Boris Johnson Still Refuses To Say Who Initially Funded Downing Street Flat Costs In Furious PMQs
Boris Johnson reacted furiously to attacks on how the redecoration of his Downing Street flat was paid for at PMQs (Alamy)
Sir Keir Starmer called Boris Johnson "Major Sleaze" in a heated PMQs after he once again refused to reveal who initially funded the redecoration of the Downing Street flat.
In an angry Commons exchange the Prime Minister repeatedly claimed he had “personally” paid to refurbish the flat above Number 11, and said any declarations would be made in the correct way.
But just minutes before he arrived at the despatch box the Electoral Commission announced it was opening a formal investigation into the matter after it was concluded "there are reasonable grounds to suspect that an offence or offences may have occurred.”
Seizing on Johnson's comments, the Labour leader pressed him for an answer on who "initially" covered the cost of refurbishments.
But Johnson doubled down on his assertion that he had now paid the bill. "I have paid for [the] Downing Street refurbishment personally,” he replied.
Johnson added that he would make any further declarations to Lord Geidt, who was appointed the new independent adviser on ministerial interests this morning.
Starmer pushed again for a more detailed breakdown of the timeline of the payment, offering the PM a "multiple choice” question: "Either the taxpayer paid the initial invoice, or it was the Conservative Party, or it was a private donor, or it was the Prime Minister."

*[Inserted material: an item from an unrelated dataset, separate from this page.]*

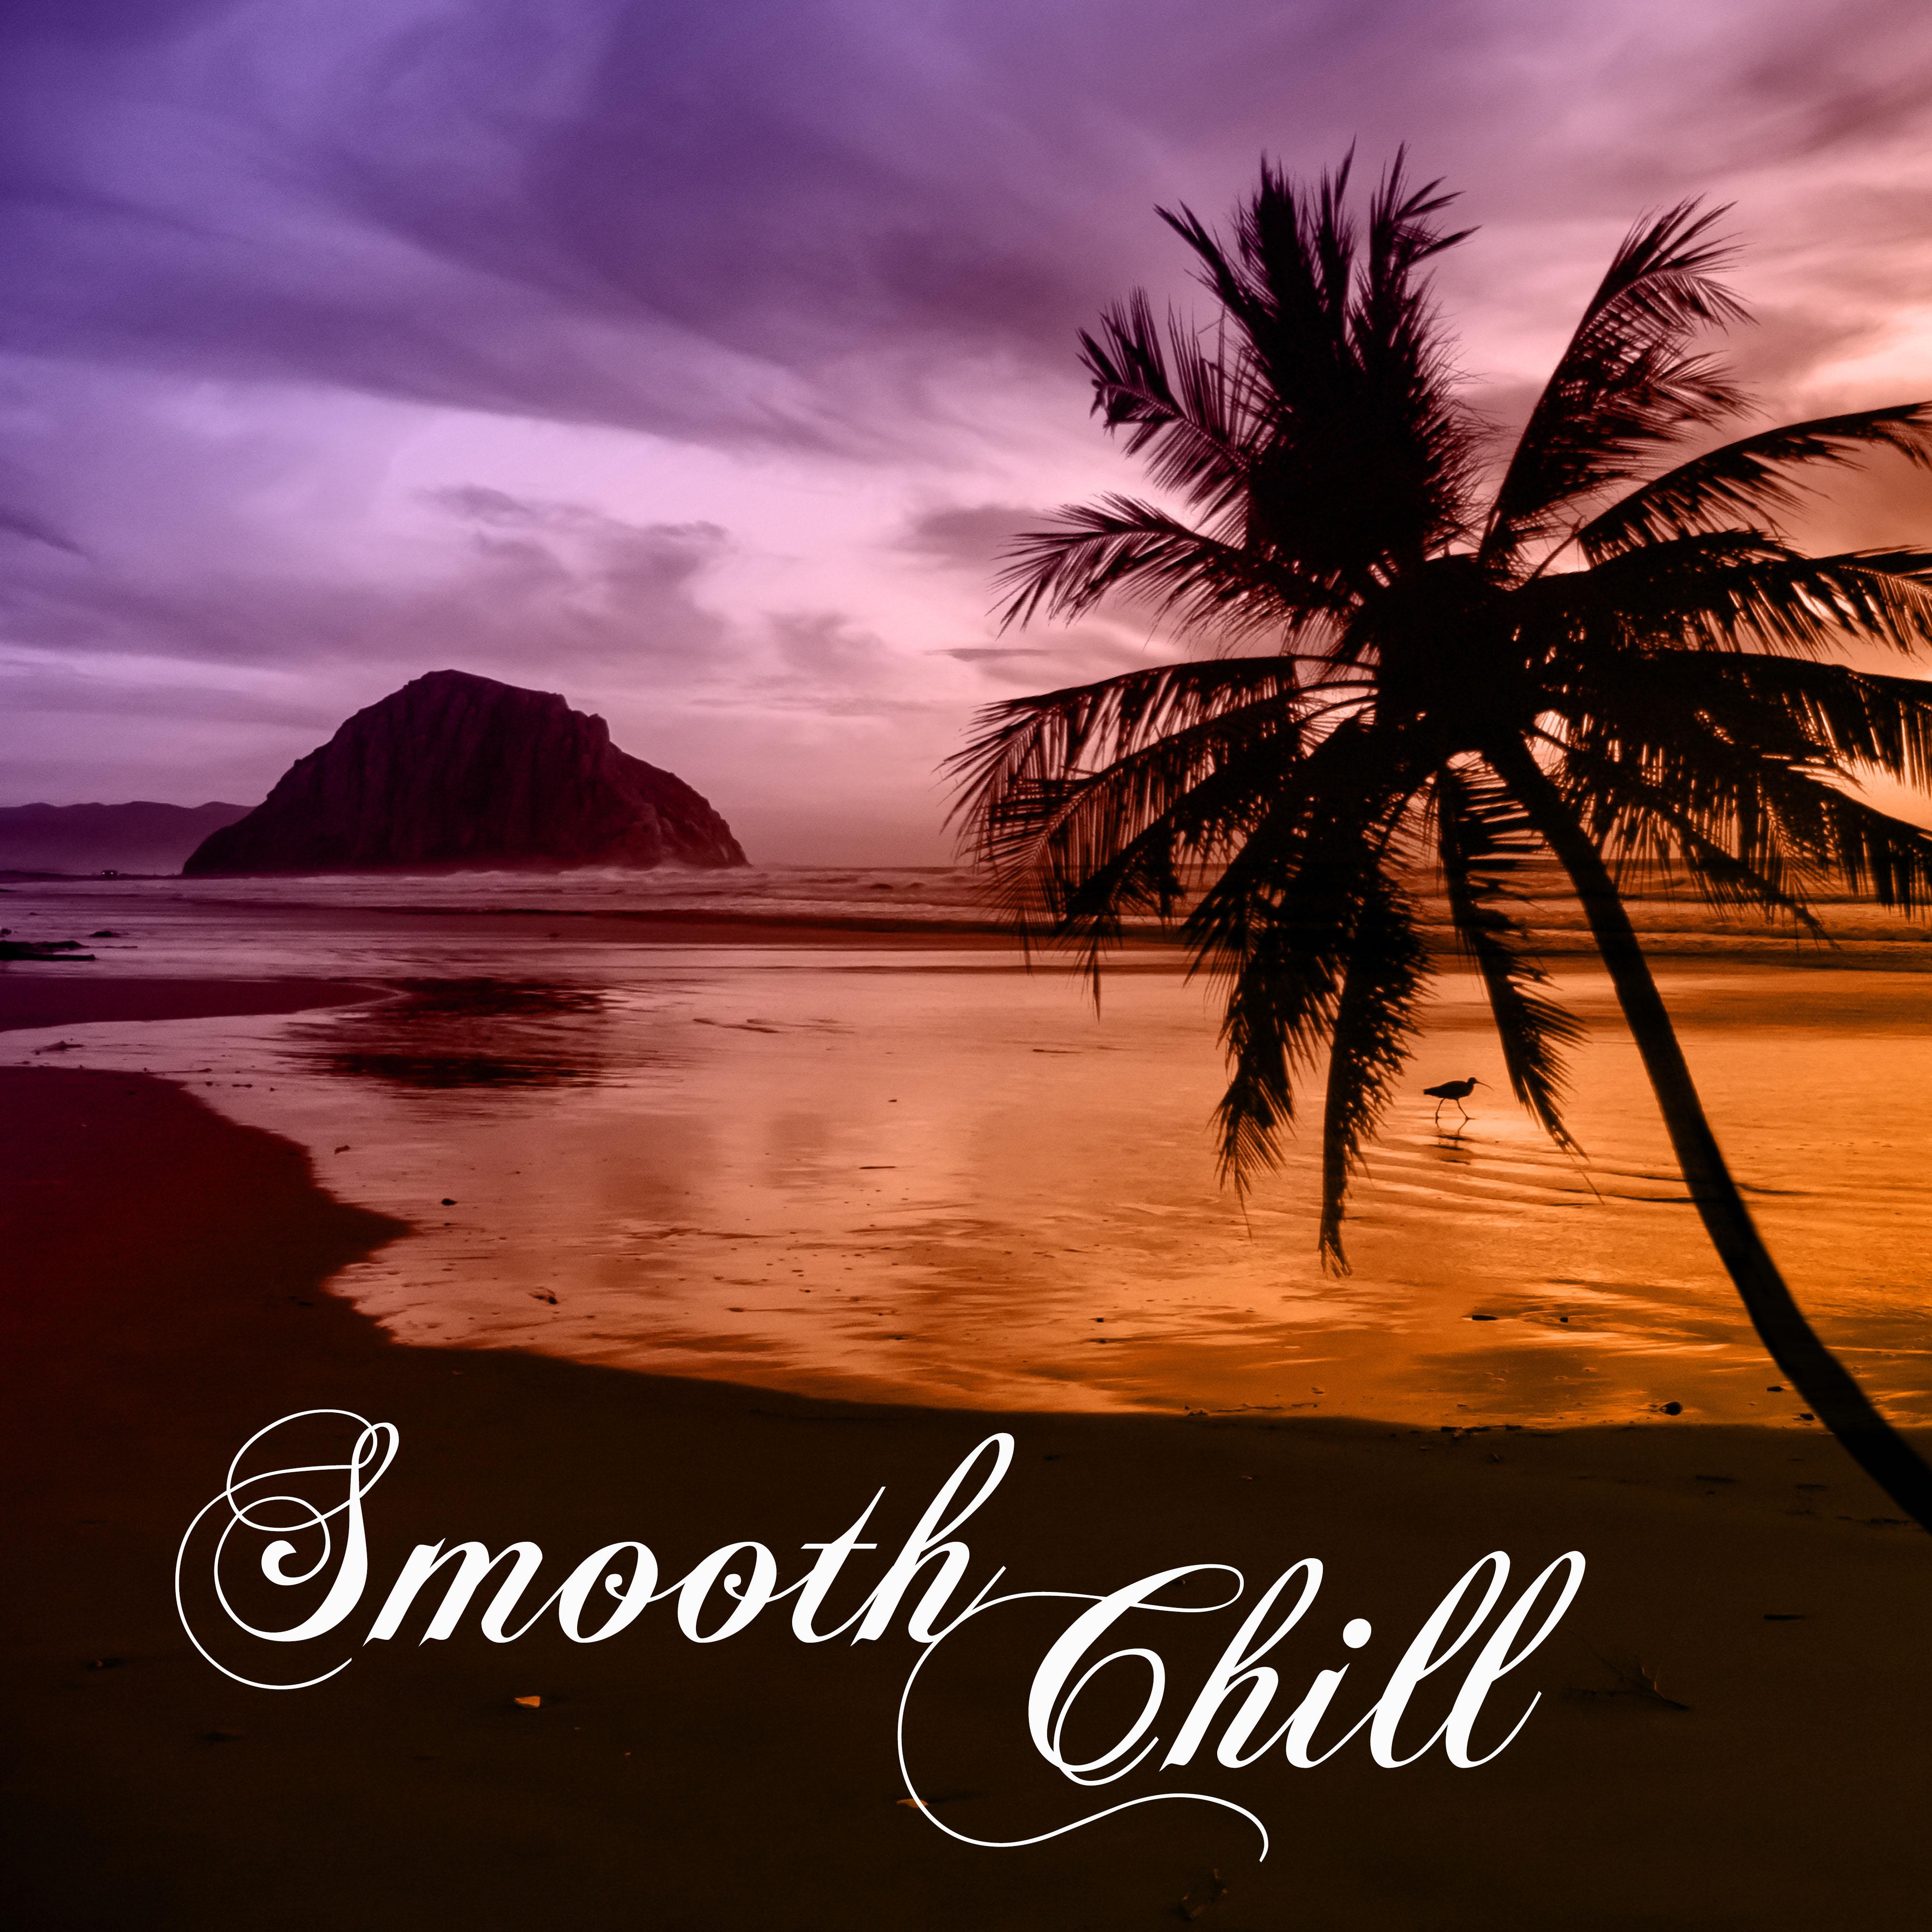 Smooth Chill – Sun Music, Summer Time, Relax on The Beach, Chill Out Music
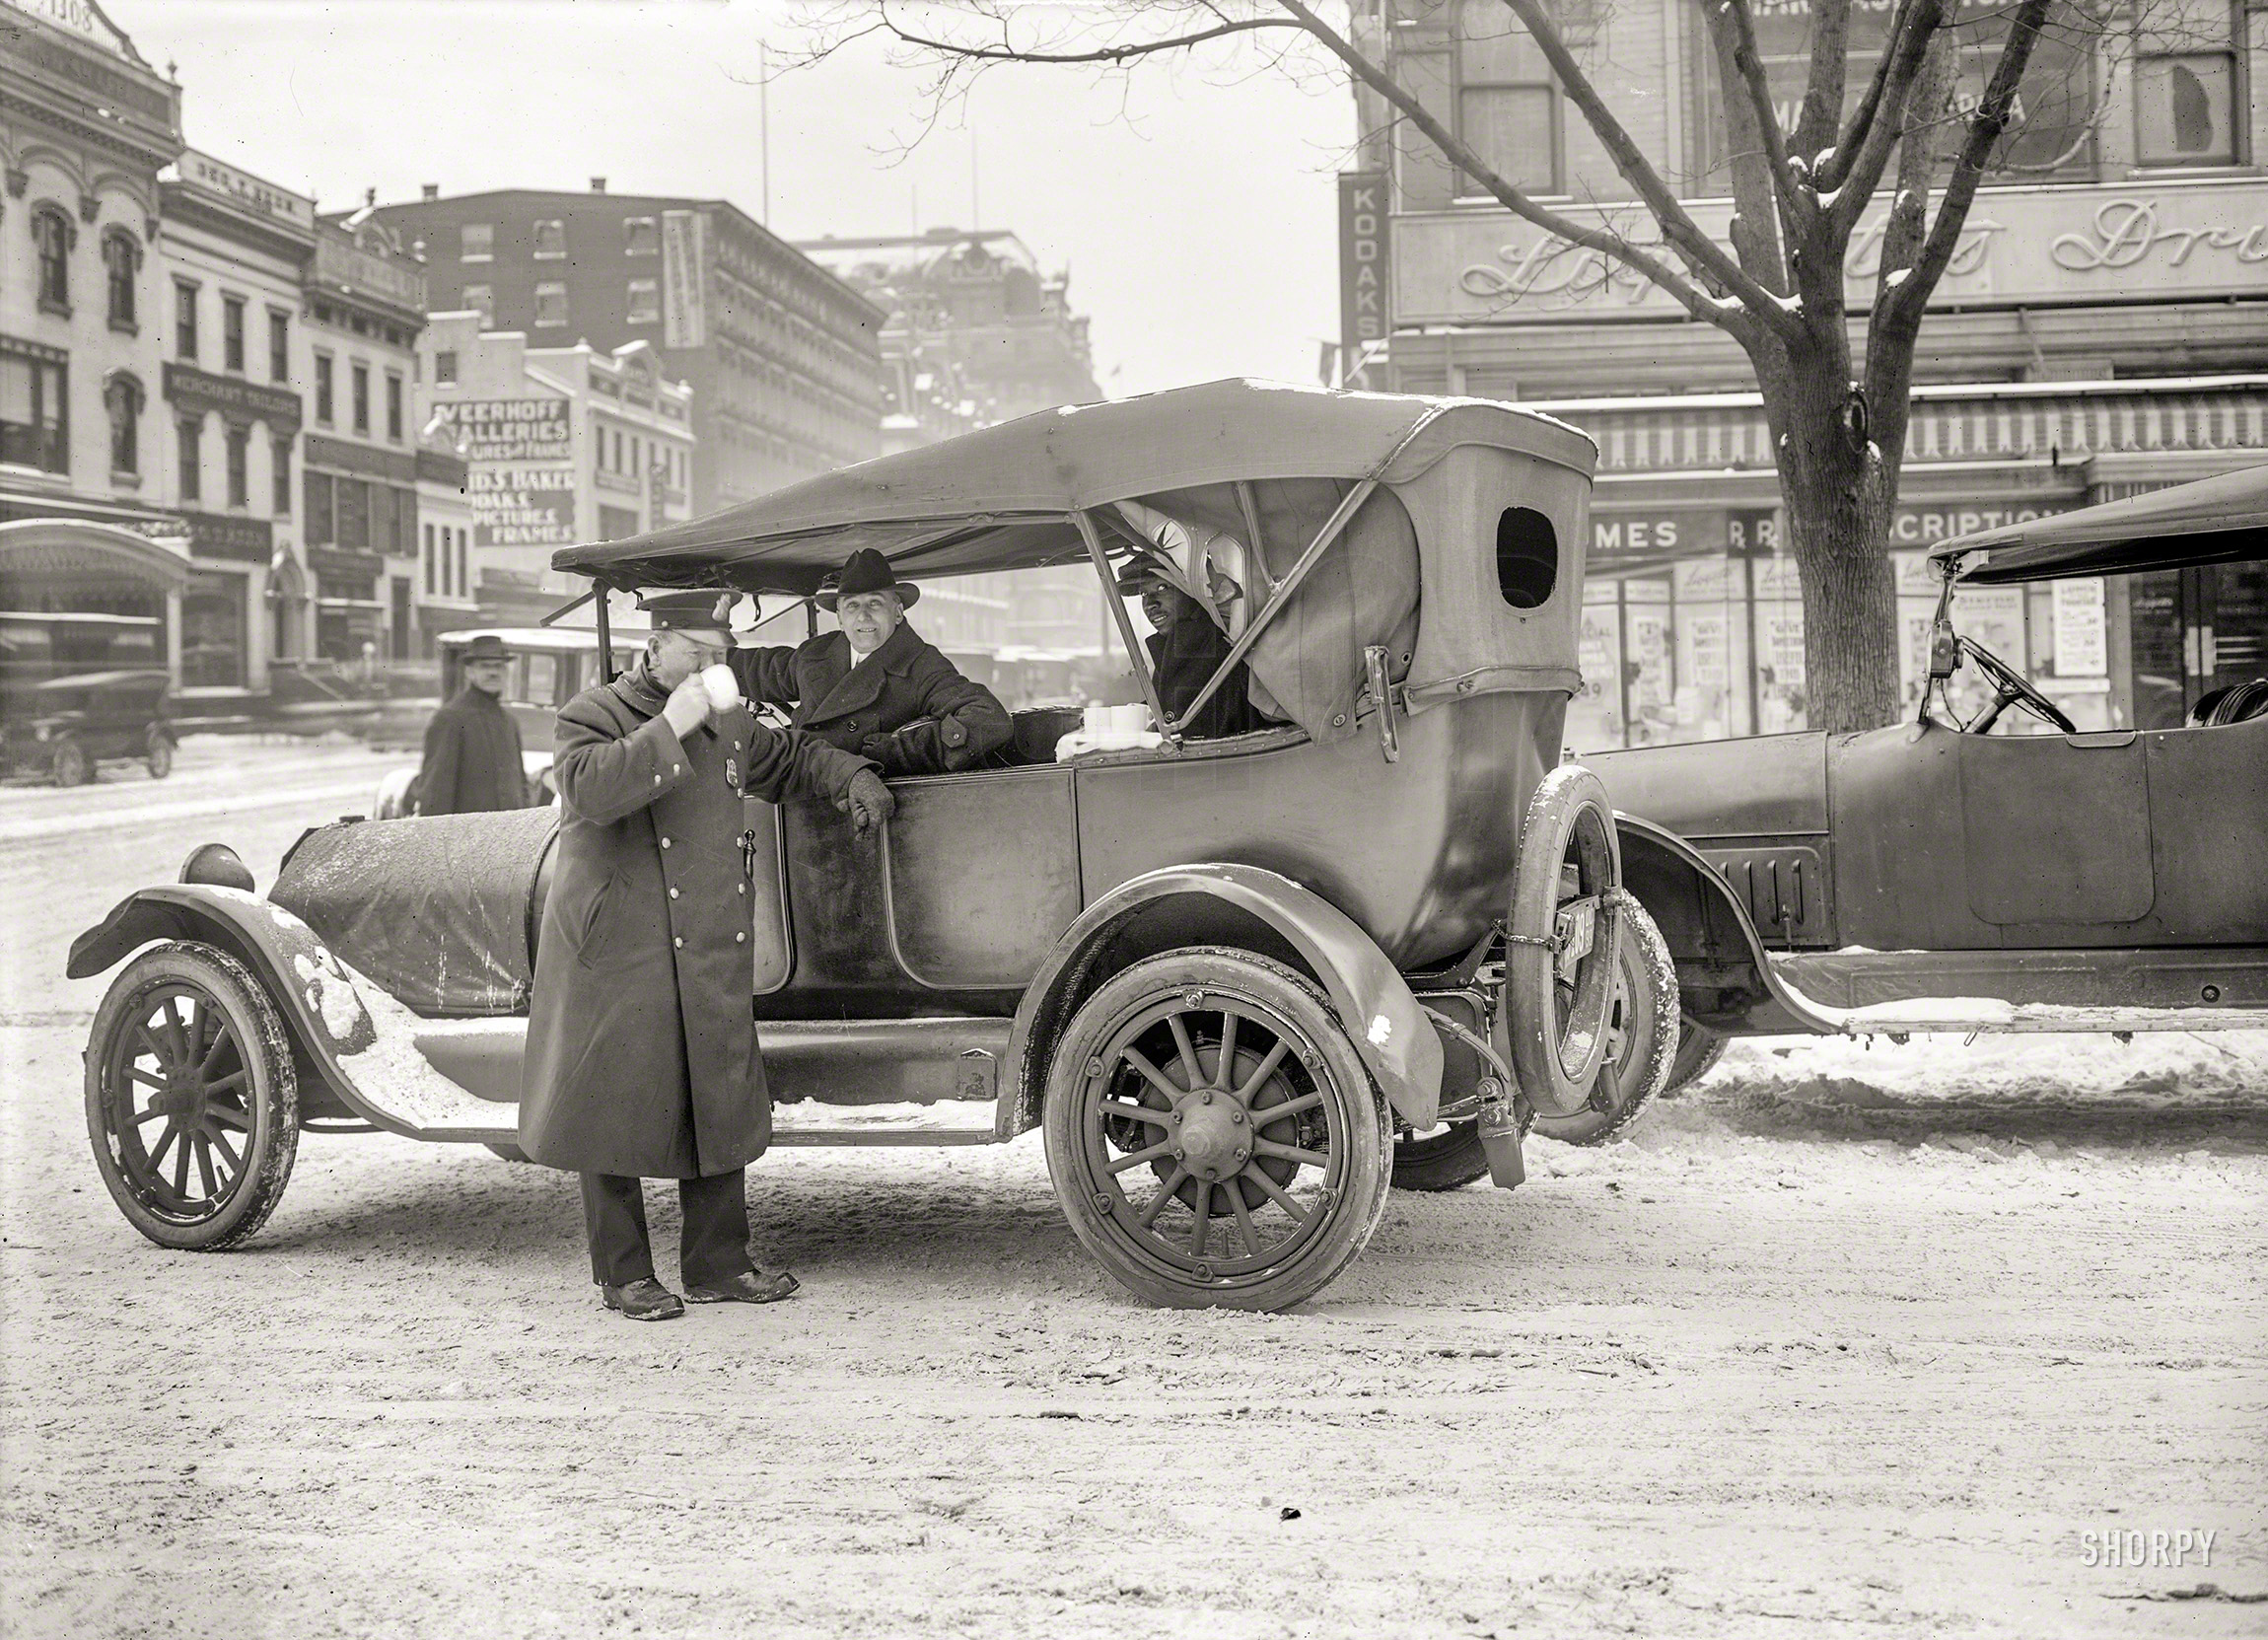 Washington, D.C, 1919. "Police coffee." Continuing this caffeinated, steamy saga. National Photo Company Collection glass negative. View full size.

Johnson once again refused to answer deflecting how much former Labour governments had spent on the Downing Street flat prior to the Conservatives taking office more than ten years ago.
Following days of scandal around the funding of the Downing Street flat, and highly contentious press briefings in which Johnson was accused of saying 'let the bodies pile high' in response to pressure of lockdowns, the Prime Minister appeared rattled, and lost his temper at the desptach box.
The Labour leader concluded his questions by listing the ‘Nolan Principles’ which are meant to govern those in public office: "Selflessness, integrity, objectivity, accountability, openness, honesty and leadership.”
He added: "Instead, what do we get from this Prime Minister and Conservative government?
"Dodgy contracts, jobs for their mates and cash for access - and who is at the heart of it? The Prime Minister, ‘Major Sleaze’ sitting there."
Johnson reacted furiously, defending his record in government and accusing Labour of being a party “that twists and turns with the wind and thinks of nothing except playing political games”.